Katy Shea, 7 Daventry Court, said the idea of expanding the board has been “kicked around” for awhile but it “started to get some legs” due to the proposed Kinder Morgan pipeline, which she said residents of surrounding towns knew about 14 months before Lynnfield residents did.

 

“A number of people said if we could get five people to get better communication,” Shea said, “because the town is changing and we have more issues and we can have more selectmen addressing the needs of the town. It was not divisive; it was not a small group. One of our selectmen, he is doing the best he can, he did tell someone about the pipeline 14 months ago. It was through word of month.”

 

Shea said her research has indicated towns with five selectmen “allows two selectmen to work on a project together” without violating the Open Meeting Law. She added that the chairmen she had spoken to often put selectmen with the two most opposing ideas on the same project “so they get to know one another and respect one another and understand the differences they might have…and (they) find better collaboration across the board.”

 

Selectmen Chairman Phil Crawford said he wanted to address the “misconception” that there is a “problem” with the Board of Selectmen.

 

“That’s a myth that they’re spreading to create a misconception that there’s a problem,” Crawford said. He added, “Ninety percent of our votes are unanimous. The occasional vote that is 2-1 could be 2-1 in any fashion. From my viewpoint, the town of Lynnfield is a great town to live in. Every board for the last 30 to 40 years has had 2-1 votes every year and what did we get done?” Crawford asked.

 

“In the last decade we got a brand new school project that is the envy of many people in many towns. We got 63% reimbursement. If you lived in North Reading they would have loved to have had that. It took them 12 years to get their school project approved. They’re paying over $120 million dollars for the schools and they were on the list for years to get reimbursement. The reason they didn’t get it? They had a dysfunctional five-member Board of Selectmen,” Crawford said.

 

Crawford added to the list of accomplishments with a 2-1 board: A fields project that is the envy of the North Shore; purchase of Centre Farm to protect the town center and two bond rating increases in the last seven years, to its current AA+, because the town is managed “very well.”

 

“Our prior town administrator and our current town administrator are two of the best managers you could have had. We were worried we couldn’t replace Bill Gustus.
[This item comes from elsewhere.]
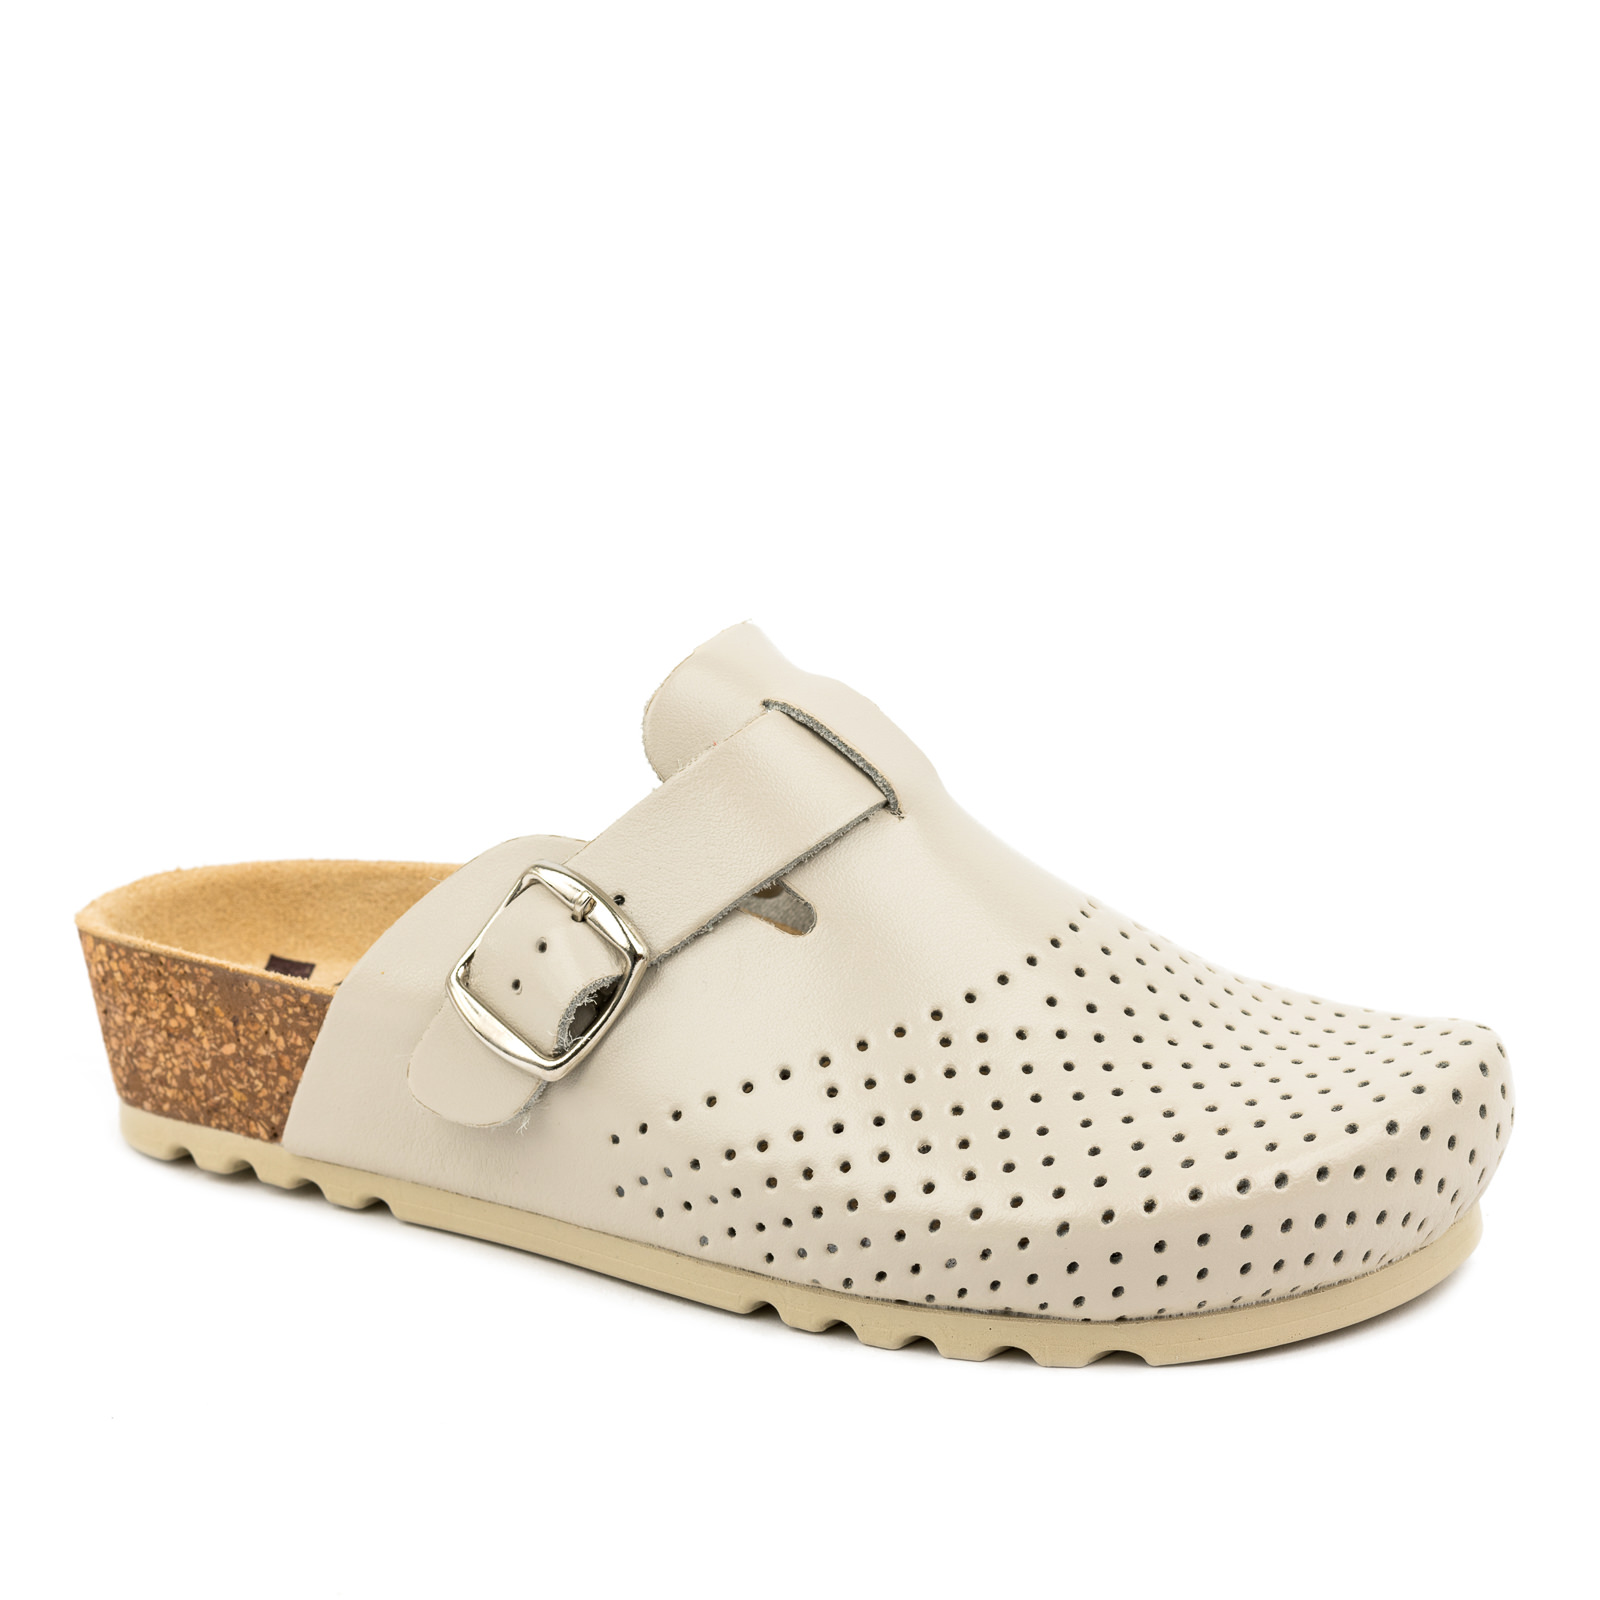 LEATHER ANATOMIC CLOGS WITH VELCRO BAND - BEIGE

Jim Boudreau is the best person you could have gotten for this job. He runs the day-to-day operations here and we have a very well-trained highly educated staff that runs this town,” Crawford said.

 

Crawford said even though the board does not agree on everything Lynnfield remains “one of the best towns in the North Shore to live in” and any Realtor would confirm that the town’s property values are going up due to these amenities as well as MarketStreet and ongoing projects such as the road improvement plan currently underway.

 

“The town of Lynnfield is going in the right direction,” Crawford said.

 

Editor’s note: Due to formula changes in the state reimbursement rate for school projects, the town of North Reading received over $49M toward its $123M secondary schools project for its high school and middle school.

Also, after the meeting, Crawford told the Villager that he wanted to clarify a statement made during the meeting that abutters to the proposed Kinder Morgan pipeline did not know about the project. He said it was abutters who had been approached by land surveyors seeking access to their property who had contacted him for assistance in dealing with their situation.